- Born: January 27, 1935
- Died: May 10, 2014 (aged 79)

= Gene Chyzowych =

American soccer coach (1935–2014)

Eugene Chyzowych (January 27, 1935 – May 10, 2014), was a professional soccer player and coach, who was the coach of the Columbia High School soccer team in Maplewood, New Jersey, United States. He had the second most wins of any active scholastic soccer coach in the United States, and compiled a 730–188–70 record in 46 years at Columbia High School through 2009. He directed his teams to four New Jersey state championships and 24 conference titles. His squads have also captured 16 state sectional crowns, and have produced numerous All-America, All-State and All-Conference players in high school and college, several of whom have gone on to become college and high school soccer coaches themselves.

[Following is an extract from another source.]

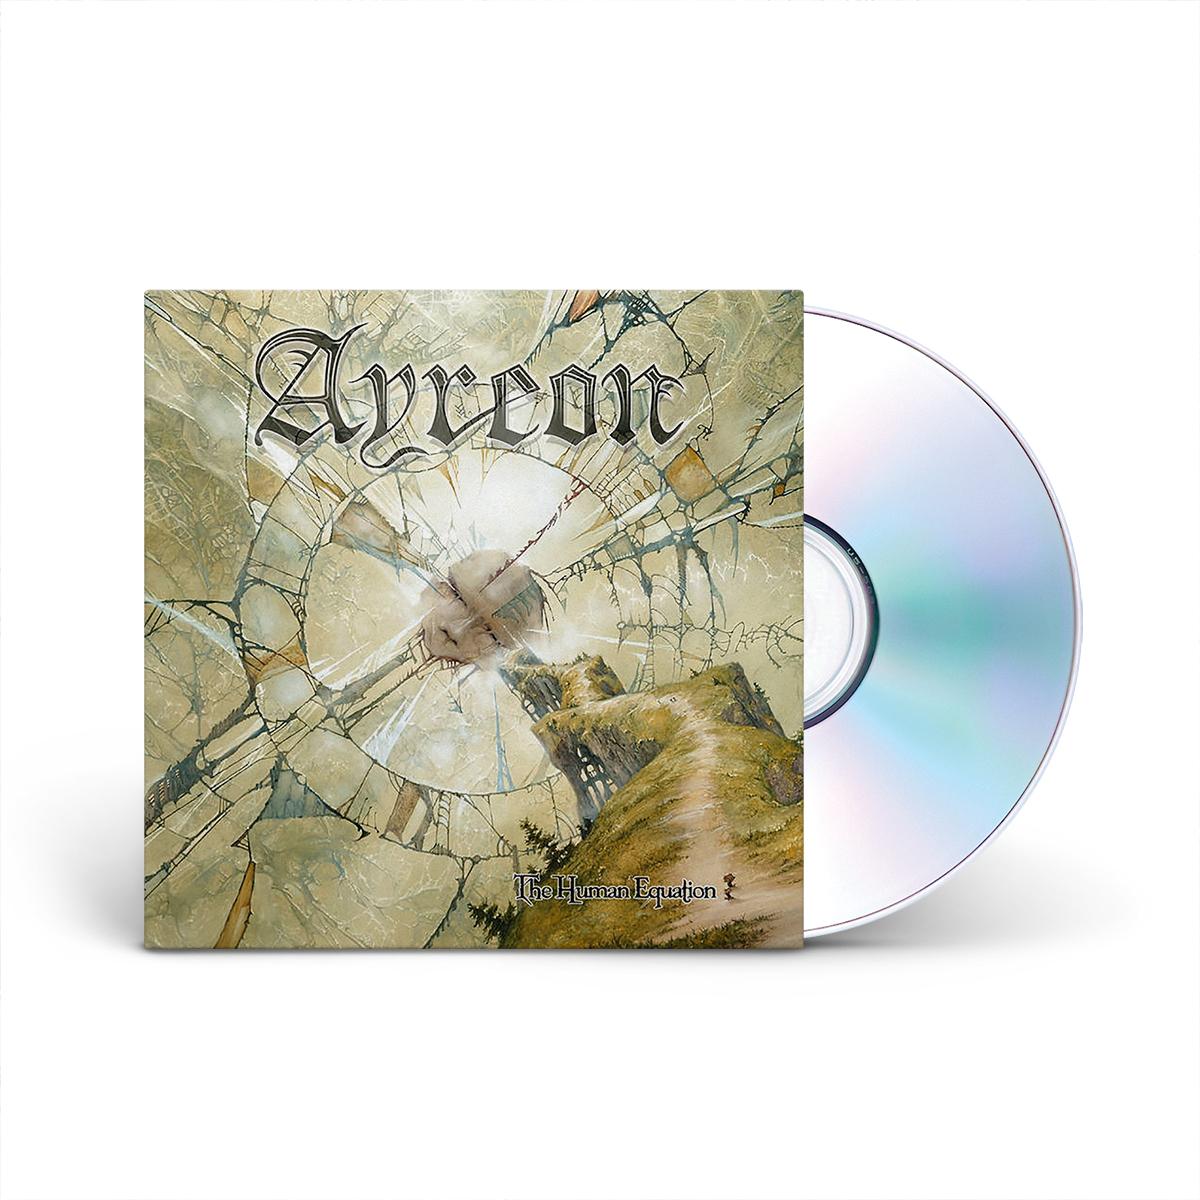 Ayreon - The Human Equation CD

He is a two-time NSCAA Boys High School National Coach of the Year (1986 and 1990), and received the association's Robert W. Robinson Award for long-time service to interscholastic soccer in 1999. Chyzowych also coached the Columbia girls volleyball team, compiling a 227–0 career record, a 10-year winning streak and likewise producing numerous championship and lauded athletes.

Chyzowych was born in Sambor county, Ukraine (then part of Poland) and moved with his family across war torn Europe to eventually settle in Philadelphia after World War II. He grew up in Philadelphia and attended Northeast Catholic High School where he was part of a team that won the city championship in 1952. He was the team's leading goal scorer during that season. He then went on to a four-year college career at Temple University, graduating in 1958, and became the head soccer coach at Columbia High School in 1963. He was one of the first coaches in the U.S. to set up a recreational-to-club-to-high school feeder program, and to provide opportunities for players to play year-round. That model was copied by other coaches and schools nationwide in an effort to approximate his success.

Chyzowych was the head coach of the United States national team in 1973, coaching the team to a 3–2–0 record.

In 1976, he was head coach of the New York Apollo of the American Soccer League. He was the younger brother of Igor Chyzowych, who also played professional soccer, and the older brother of Walter Chyzowych, who also coached the U.S. Men's National Team.

In 1976, after Title IX created government requirements for more women's sports, Chyzowych started coaching girls volleyball at Columbia High. By 1985, his team was undefeated in regular season play for 172 games, a state record for any high school sports team.

In January 2009, Chyzowych was inducted into the National Soccer Coaches Association of America's Hall of Fame at a ceremony in St. Louis.

Chyzowych taught physical education at Columbia High School and coached the boys' varsity soccer team until his retirement in January 2014.

A resident of West Orange, New Jersey, Chyzowych died of cancer on May 10, 2014.

Gene Chyzowych Soccer Field is located near Columbia High School.The field is mainly used by the Cougar Soccer Club and sometimes by Columbia High School.